• _TRY IT_: The listing below should be printed exactly, every line of it. Skip the pictures.

• _INPUT DATA_:
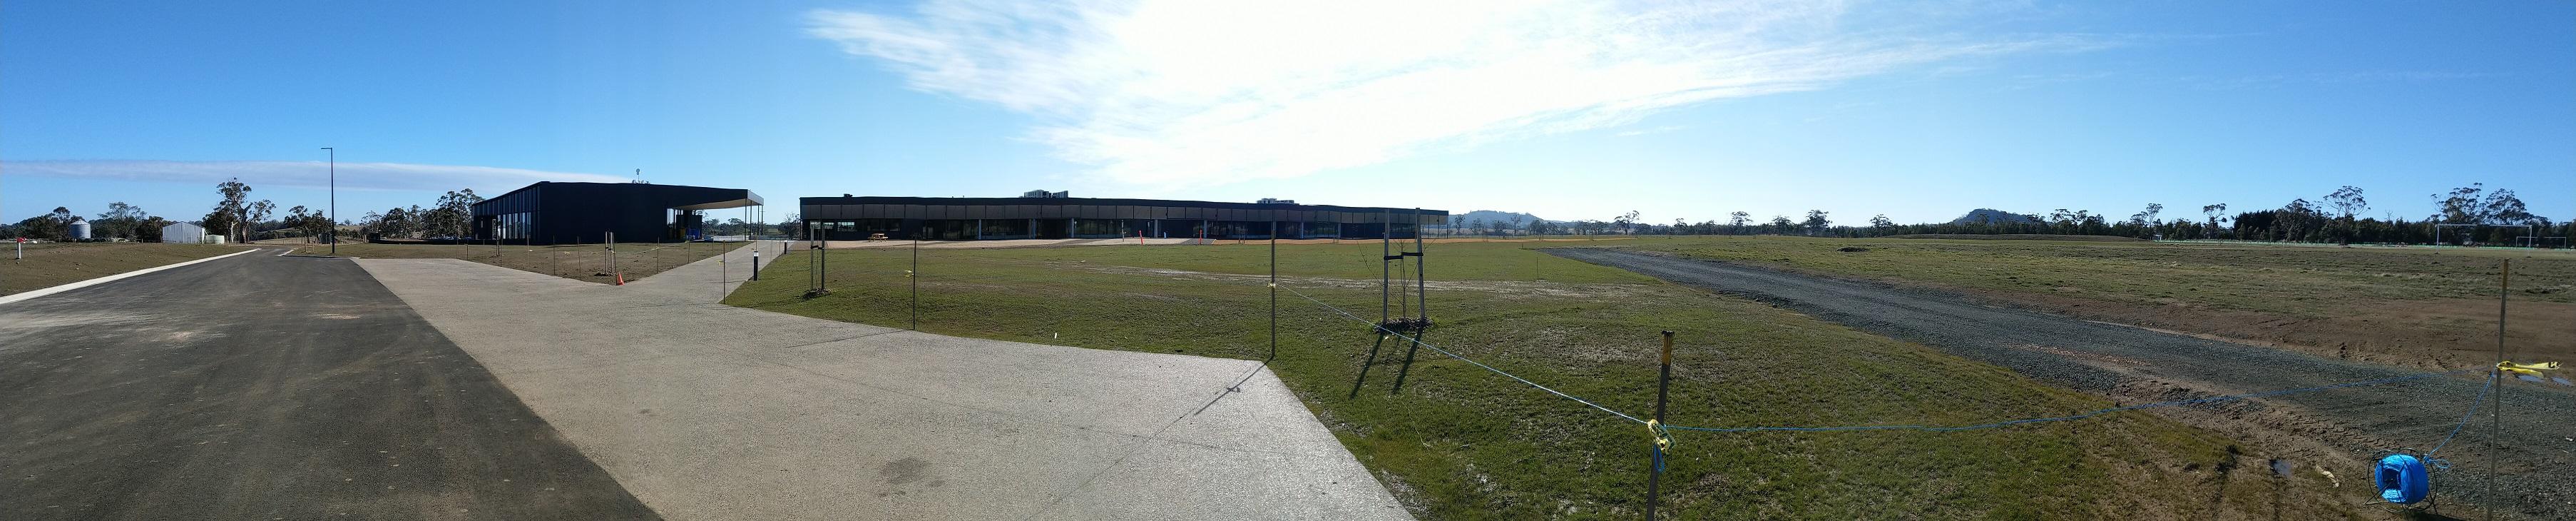 Braemar College, Woodend
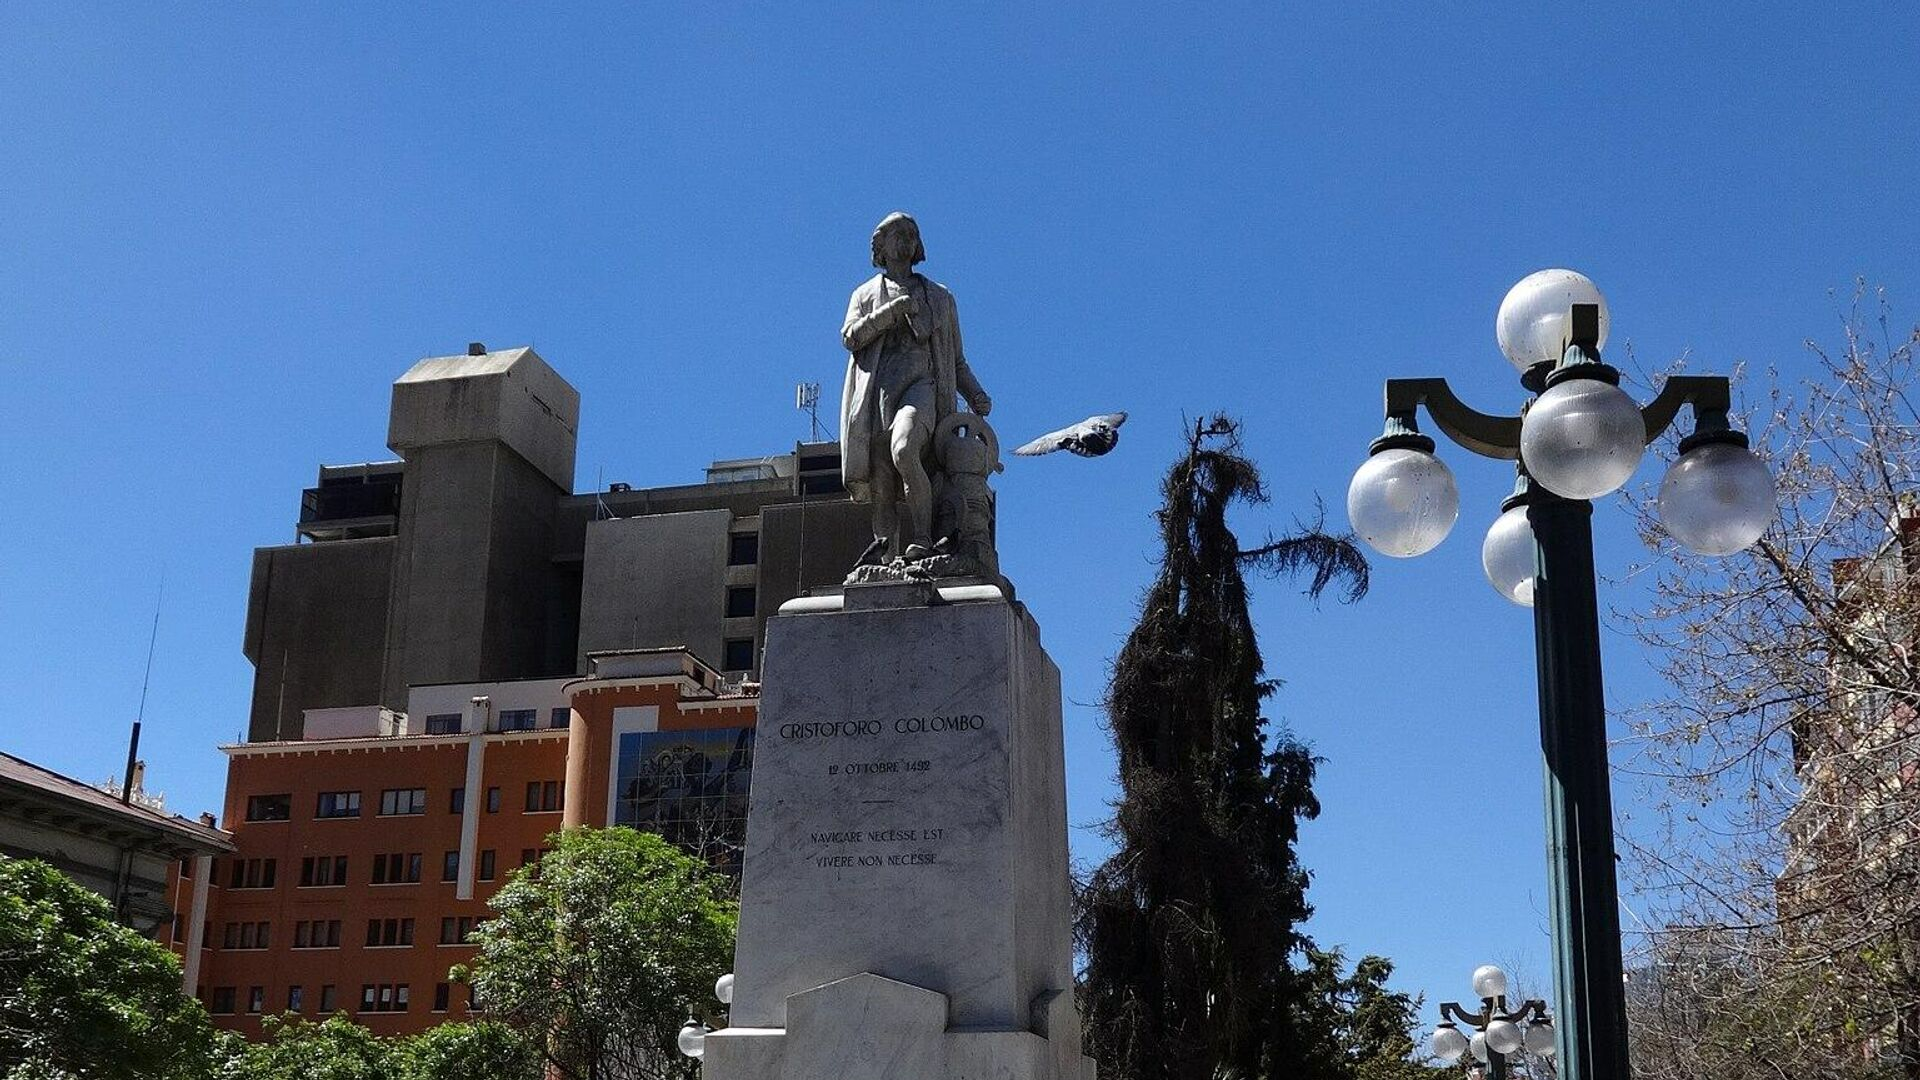 Monumento a Cristóbal Colónen el Paseo del Prado, La Paz, Bolivia - Sputnik Mundo, 1920, 01.07.2021
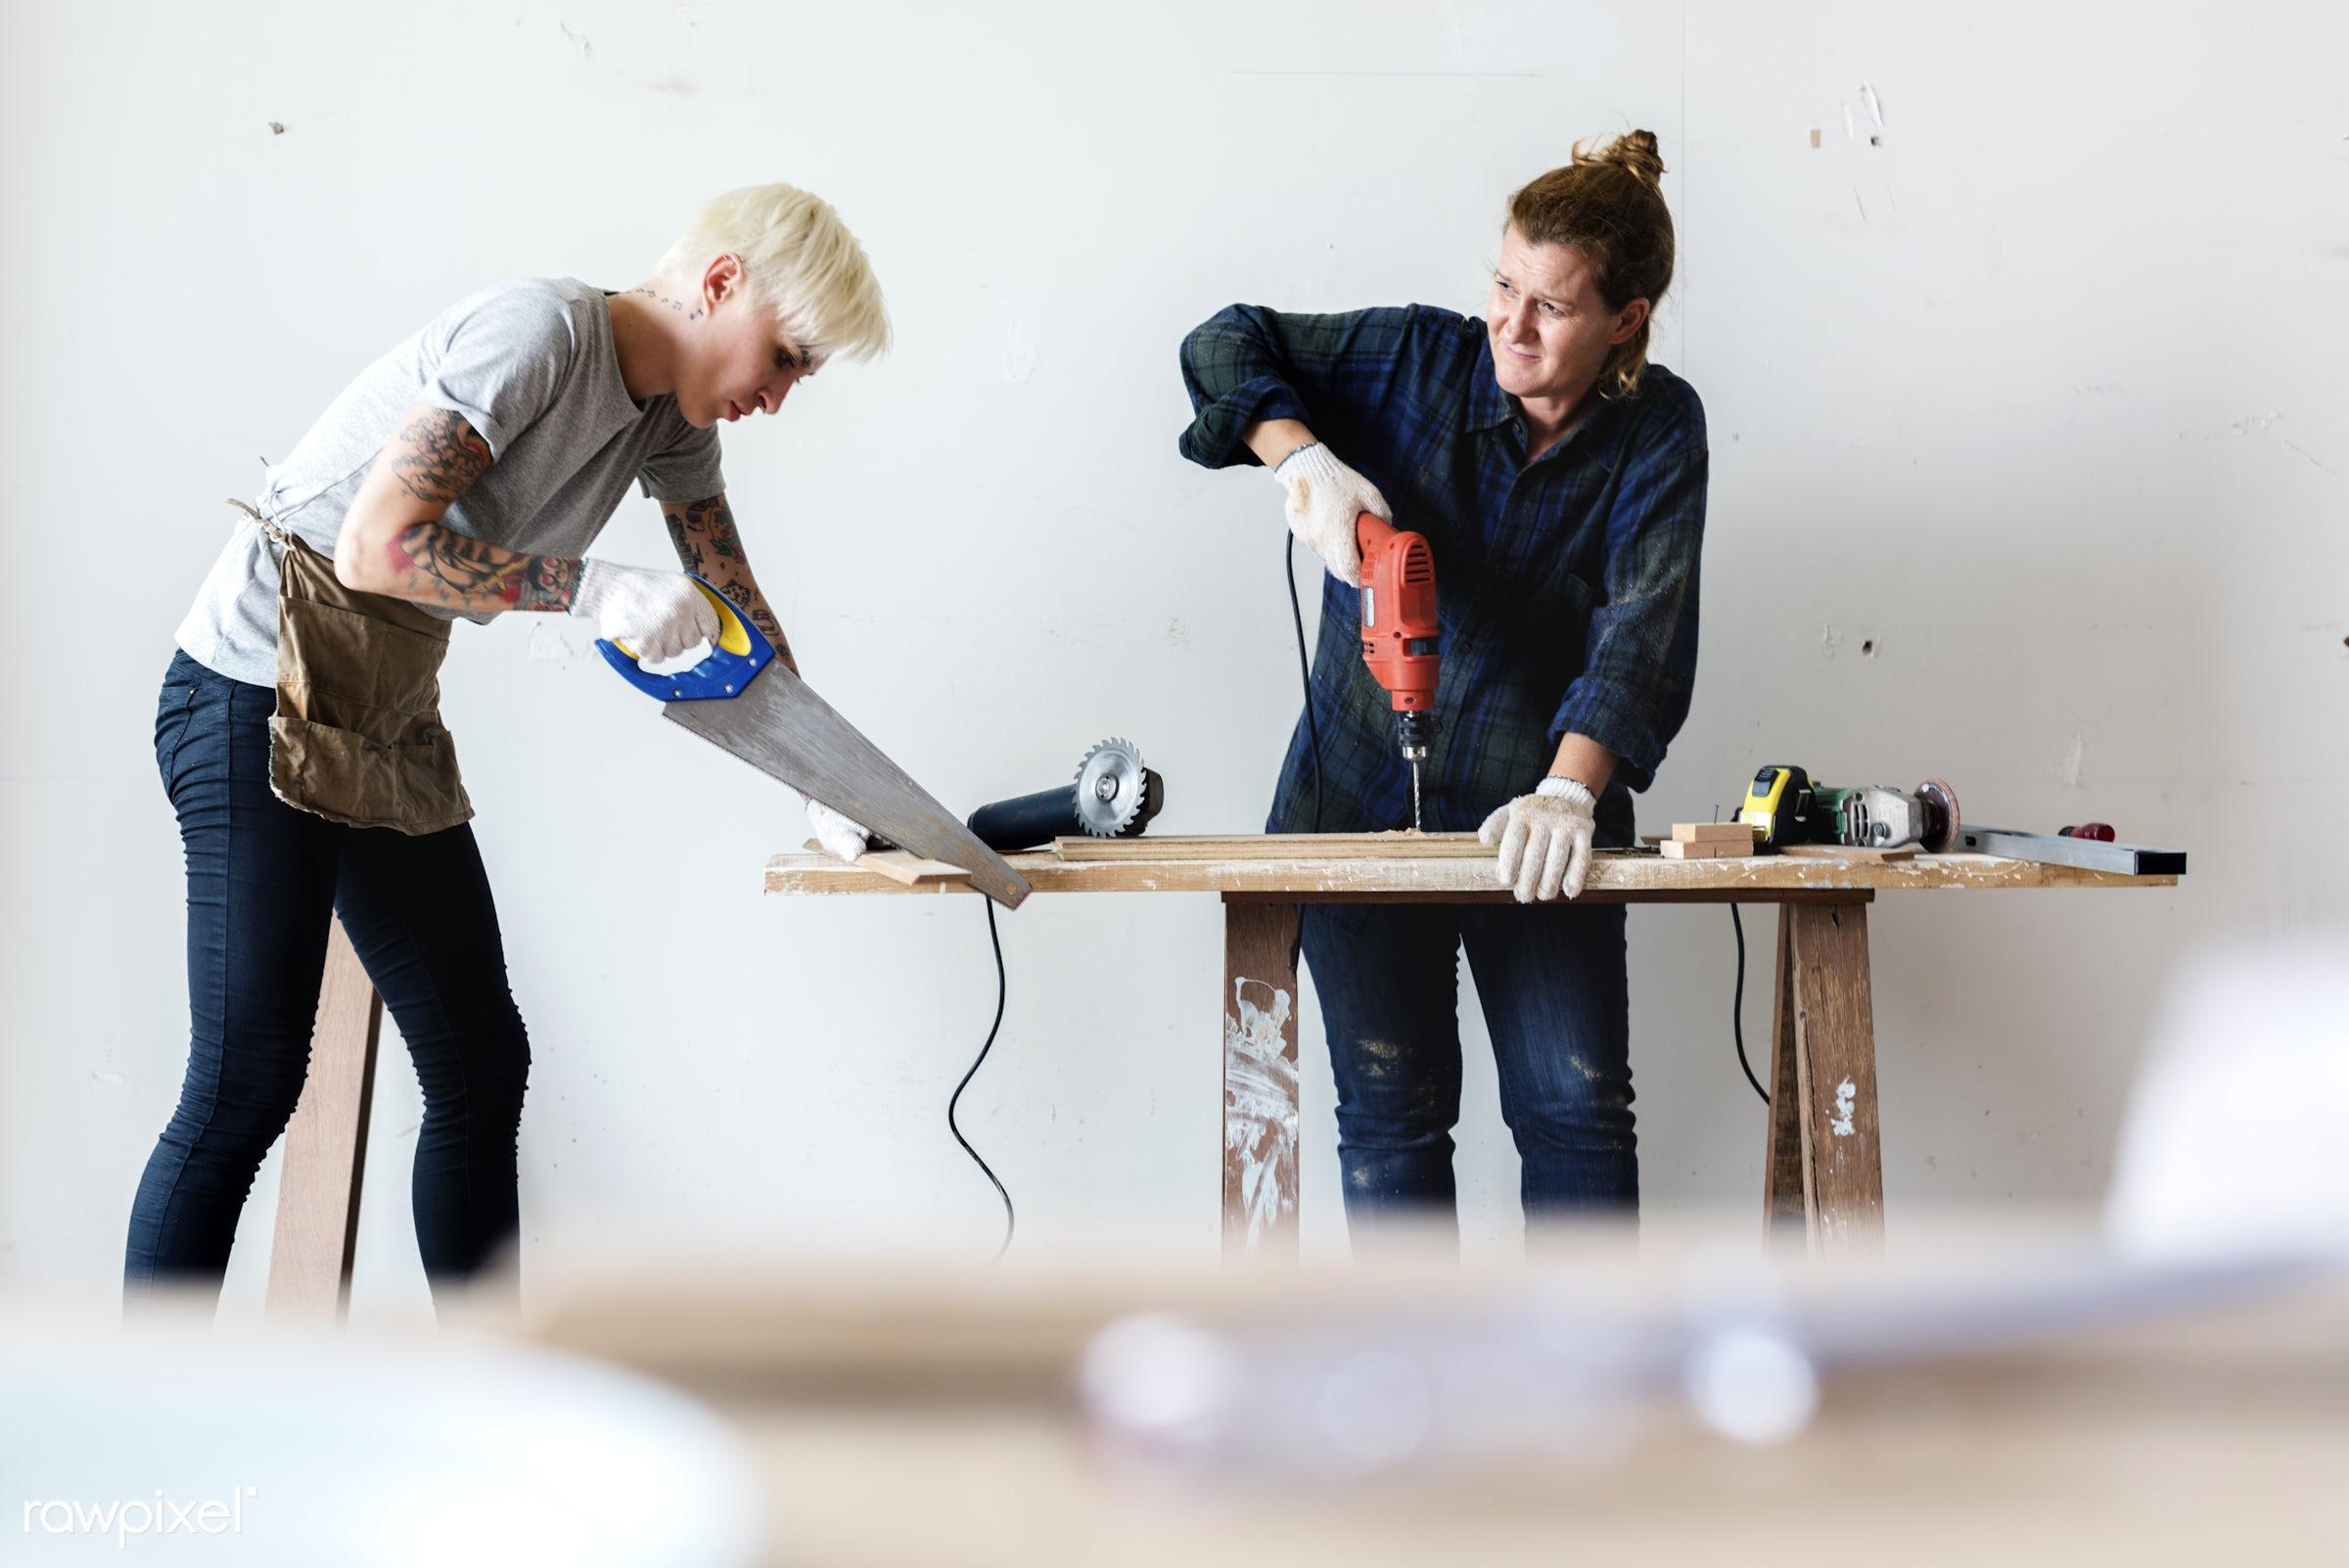 activity, american, auger, augers, british, carpenter, carpentry, construction, craft, craftsman, design, diy, drill,...

• _RESPONSE_:
 Braemar College, Woodend
 Monumento a Cristóbal Colónen el Paseo del Prado, La Paz, Bolivia - Sputnik Mundo, 1920, 01.07.2021
 activity, american, auger, augers, british, carpenter, carpentry, construction, craft, craftsman, design, diy, drill,...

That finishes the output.